As final-year JHS students, nationwide, return to school, they’ll be expected to protect themselves enough to avoid a Covid-19 ambush.
That will be double burden as they also prepare for examinations, in September.
The threat of Covid-19 must, however, be defused first in order to build the morale for the ‘fate determiner.’
At Ayigya M/A JHS, Stella Hagan, a Form 3 student in nose mask stands alone on the compound at about 7.30 a.m. when I visited the school.
No teacher, no colleagues. She has been here for almost an hour waiting for them to show up. The torso-length black back-pack is her only companion, at least, for now.
“We normally come to school around 6:30 a.m. Since I came, no one has been here. It’s 7:30 now,” she lamented.
All the doors of the one storey school block are closed, the silver padlocks seem not ready to be woken up.
About one-and-a-half kilometers away, on my way to the KNUST JHS, I met two students heading towards TECH Junction from the school.
I asked, “why are you coming back?” Their response was, “We’re going to buy hand sanitizers, we left ours at home.”
The heightened alert also manifested itself at the school’s entrance. I saw students and teachers, in masks, undergoing temperature checks.
A veronica bucket with liquid soap and tissue sits at the entrance, three lined up 10 metres into the main compound to serve the 316 final year students.
Besides, every block has one yellow veronica bucket.
“After washing their hands, the teacher will direct the students to the class,” said Assistant Head teacher JHS, Eric Oti Attah.
Though government had directed 30 pupils per class, KNUST has 23, with one classroom separating each class on a block.
“There’s no class after each class so that the students will get enough space to refresh themselves during the short break of 20 minutes. They can get enough space to take their snacks as they wait for the next lesson,” Mr. Oti Atta explains.
A teacher stands at the entrance of each classroom to direct students to seats embossed with their names and index numbers.
Teacher can step on the campus only when they have lessons.
Washrooms for teachers have now been allocated to students, and they are cleaned every hour.
The school has procured spraying machines to fumigate the classrooms after each day’s session.
The school bears the cost of the exercise, undertaken by its casual workers and Zoomlion personnel.
“After closing they’ll come here and tidy up. We’ll fumigate the classrooms, with chlorine, so by the time they come back the classrooms will be clean,” the Assistant Headmaster said.
The school’s cafeteria has been closed for disinfection and especially, to prevent vendors who may be careless with handling money from coming into contact with students.
“We were afraid of the exchange of money and also some may forget to sanitize their hands after handling money,” he said.
Parents have been advised to cook at home for their wards while the school has made available sachet water for students who may need it.

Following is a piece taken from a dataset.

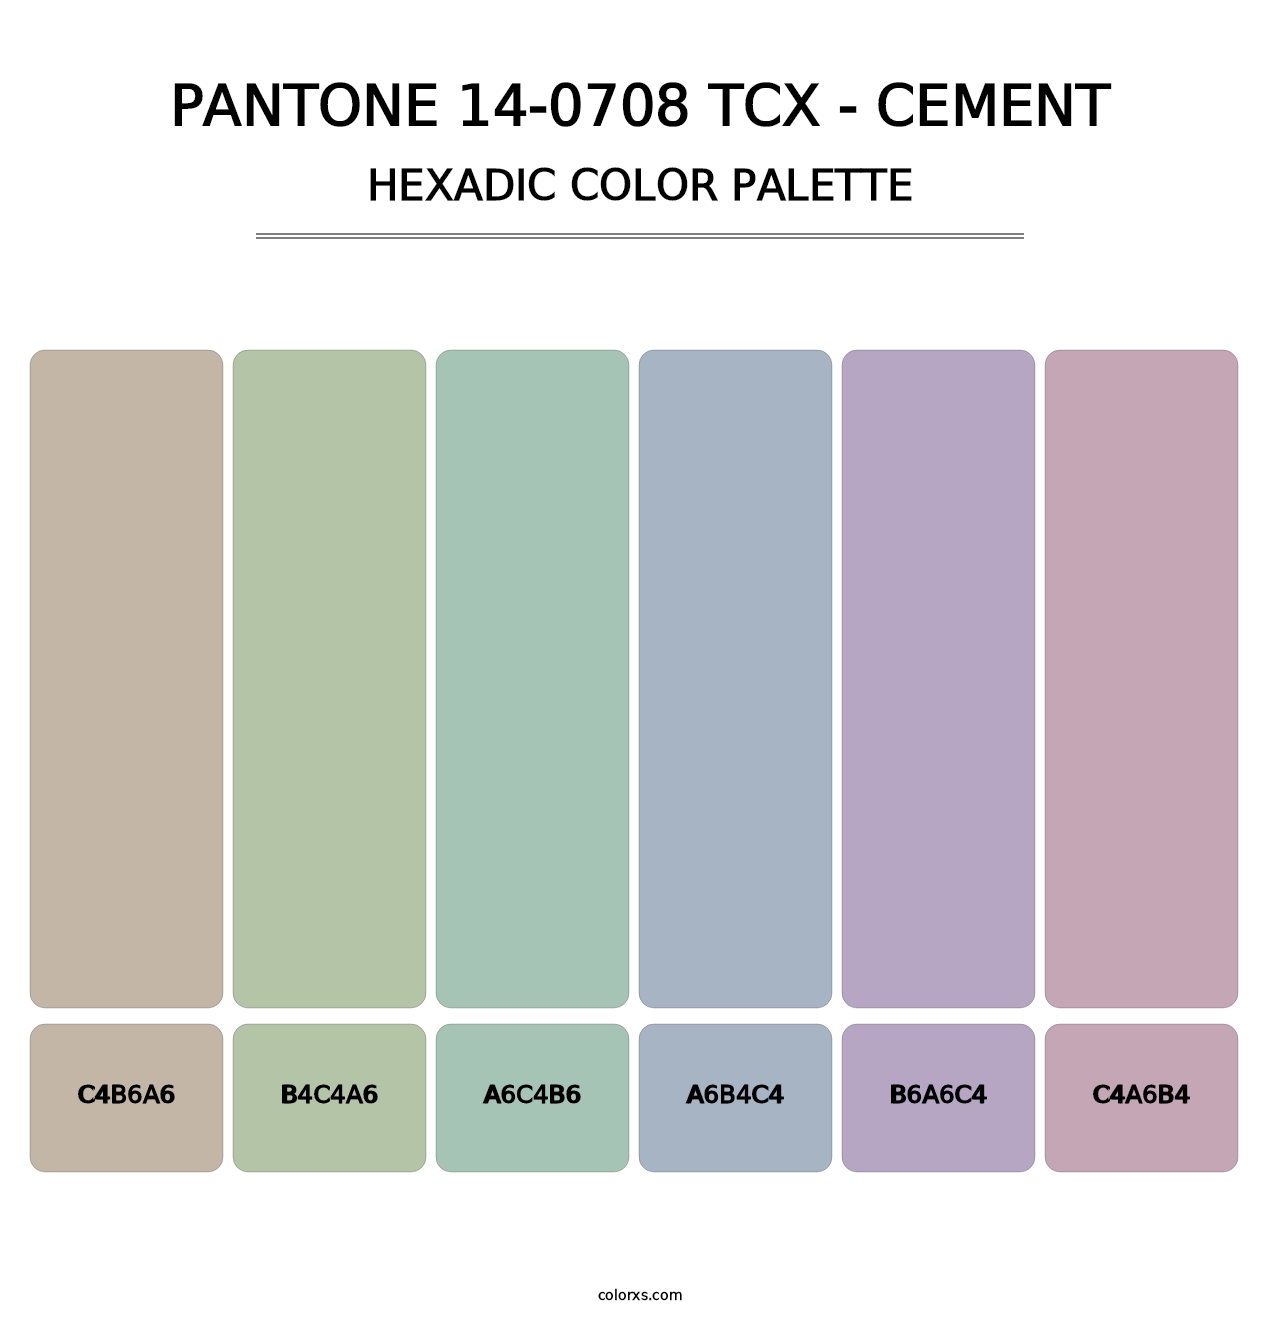 PANTONE 14-0708 TCX - Cement - Hexadic Color Palette

“Other parents offered to give us 50 pieces of sachet water. But we have enough water available to give every student who may need it,” Mr. Oti Atta assured.
Awareness and health
On the school compound, from entrance to classrooms are various sensitization notices on classroom doors: “No Mask No Entry, “Wash hands with soap under running water.” Social distancing notices decorate lawns.
First period of the lessons involved orientation of students on covid-19 safety protocols.
Many students take buses to their homes from the Tech Junction, identified by health authorities as a hot spot.
The school is therefore arranging with KNUST buses to take students to their destinations.
I sighted the GES-supplied green veronica buckets being repaired for defective tap, quite expected as government hurriedly supplies them to schools nationwide.
KNUST JHS, if emulated nationwide, for its preparedness, school authorities will leave students as well as parents and guardians at ease in these Covid times.